Your task:
What you return should match the data below exactly, with no pictures in it.
═══ Input data ═══
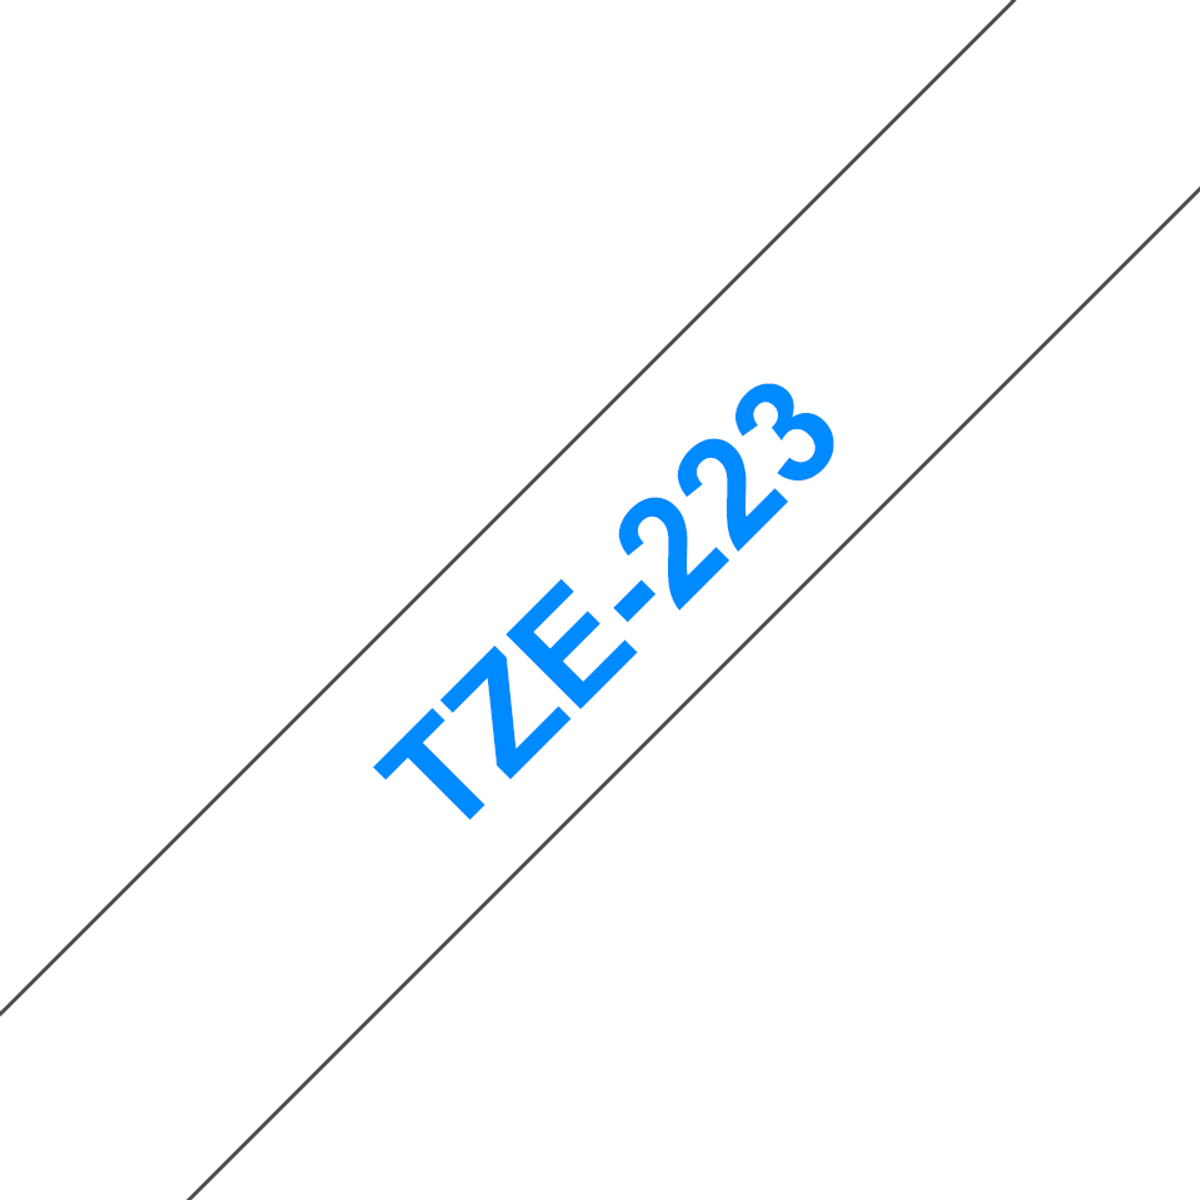 TZE223 9mm Blue On White Label Tape
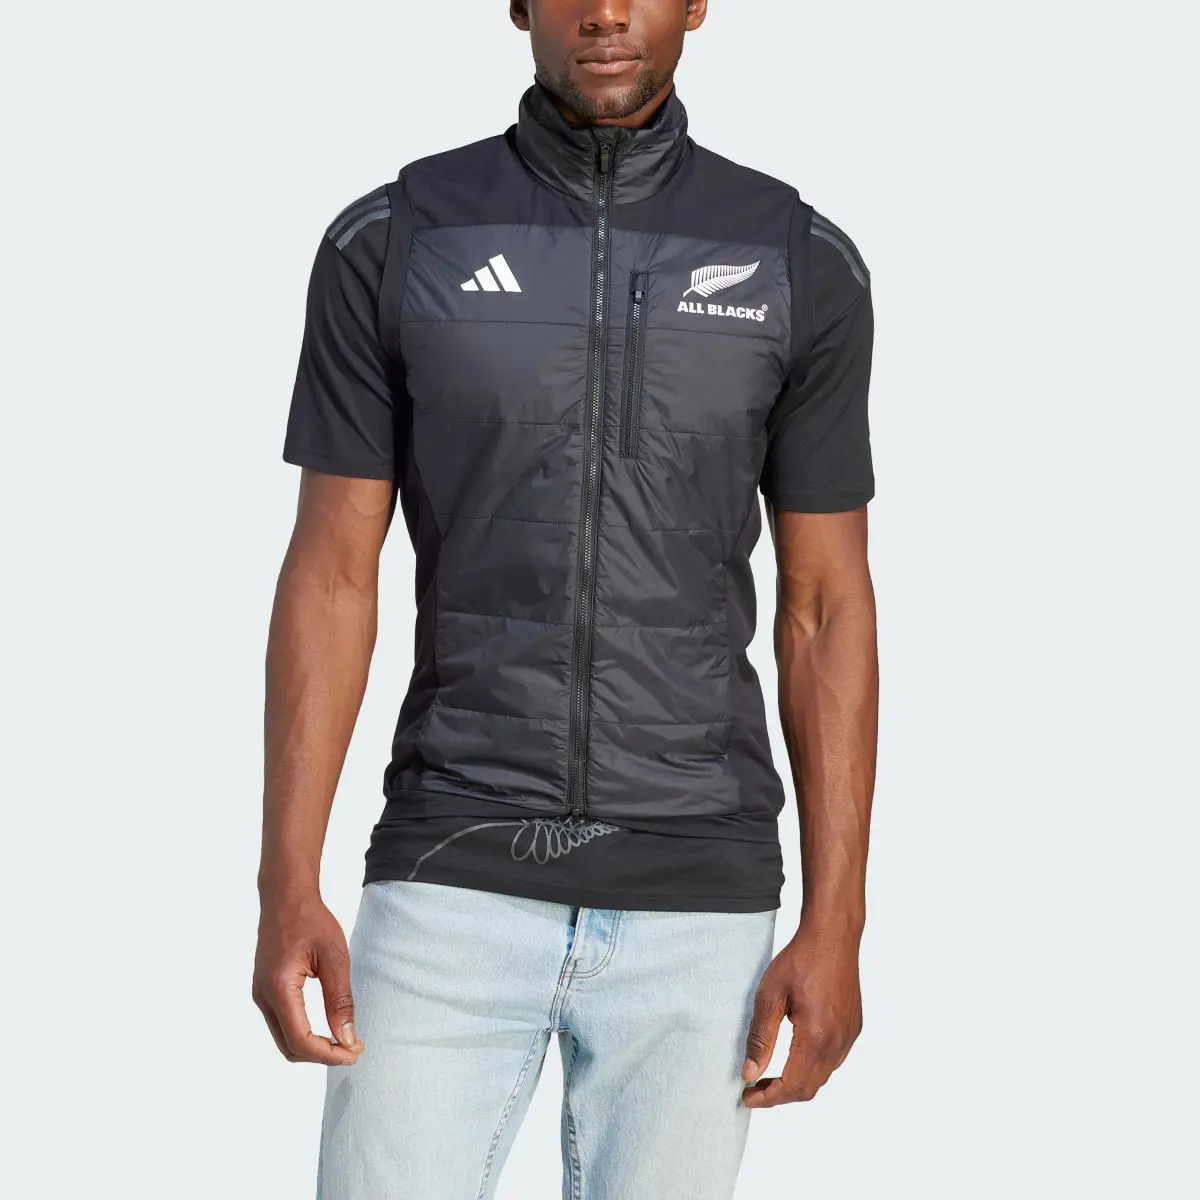 Adidas All Blacks Rugby Filled Vest. 1
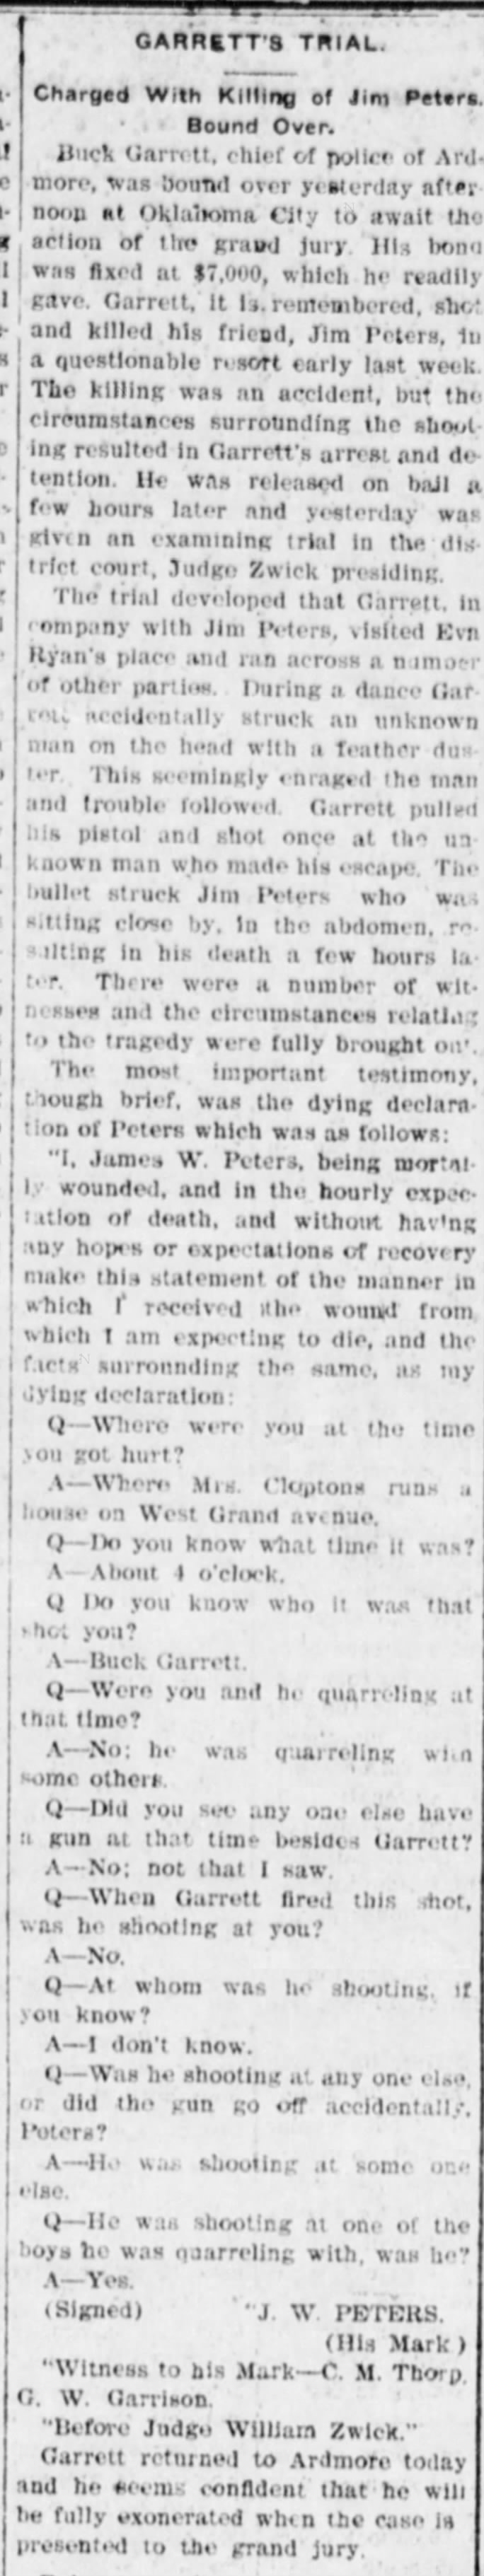 Garrett's Trial. The Daily Ardmoreite (Ardmore, Oklahoma) March 28, 1906, p 4
═══
Response to the exercise:
 TZE223 9mm Blue On White Label Tape
 Adidas All Blacks Rugby Filled Vest. 1
 Garrett's Trial. The Daily Ardmoreite (Ardmore, Oklahoma) March 28, 1906, p 4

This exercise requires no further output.